The CDC recommends that those at higher risk get vaccinated, including gay, bisexual, and other men who have sex with men, as well as transgender or nonbinary people. The two-doses of the Jynneos vaccine is crucial for effectively preventing the spread of mpox regardless of the strain, according to the organization, and contraction can be prevented by avoiding close skin-to-skin contact with individuals showing symptoms of the virus.
Still, Baskerville maintained that this can not make up for instances in which information or vaccinations do not reach communities, nor can it influence those who lack trust in the institutions around them.
"We also can't dismiss that in the American health system, there is a mistrust particularly within Black and Latine communities," Baskerville explained. "Part of addressing that is just ensuring that the information that we are providing is accurate. Ensuring that when we're telling folks that these are the places that they can go to get vaccinated, they are actually going to those places and getting the vaccine, and not being turned away."
What does HIV have to do with mpox?
To Baskerville, these trends show "some similarities" between the current response to mpox and the public response to the HIV pandemic as it devastated communities in the 1980s, particularly in the "stigma" that has emerged around the viruses.
"We saw this when creating stigma around the HIV epidemic.

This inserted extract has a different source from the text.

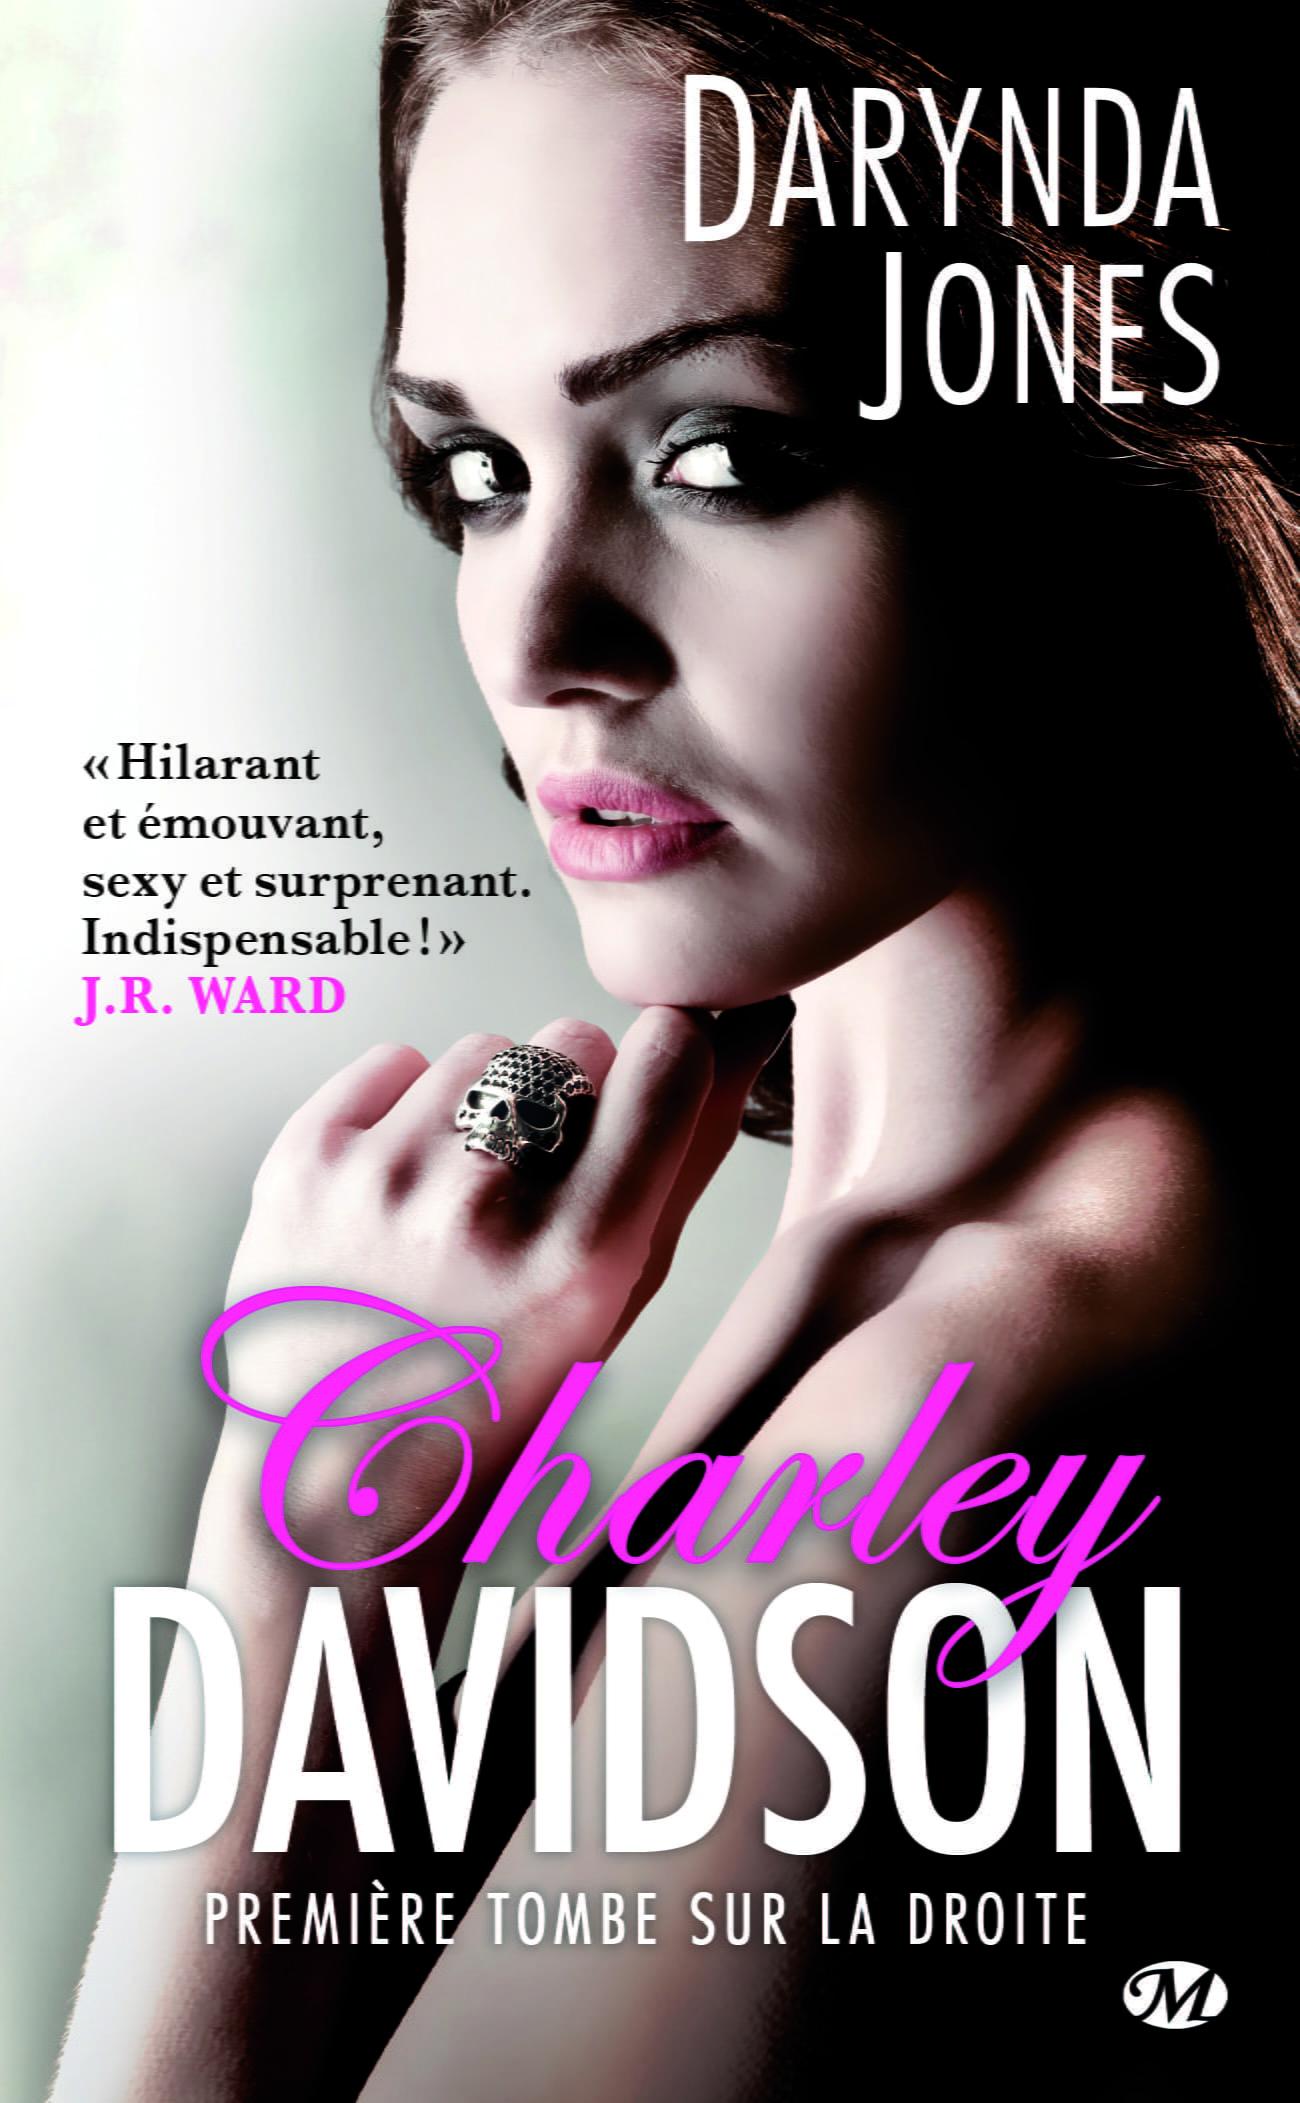 Charley Davidson N°1

The way in which officials were speaking about the virus in connection to the impact of it within certain communities, particularly LGBTQ," he continued. "For many years, the federal government wasn't talking about it, but when they did talk about it, it was really steeped in homophobia and wasn't productive to getting folks engaged in services to help maintain healthiness for themselves."
Baskerville believes governments have stepped up recently by "centering community in the response" and using the HIV pandemic as an example, though there is still much more to be done in the event of an outbreak in the U.S.
"We have to always remember equity, and that means covering those communities to ensure that they aren't continuously bearing the brunt of public health emergencies or epidemics the way that we continuously see," Baskerville said. "And that means addressing structural and systemic racism and homophobia, and also ensuring that these communities and the healthcare systems who they engage with often are getting the resources that they need."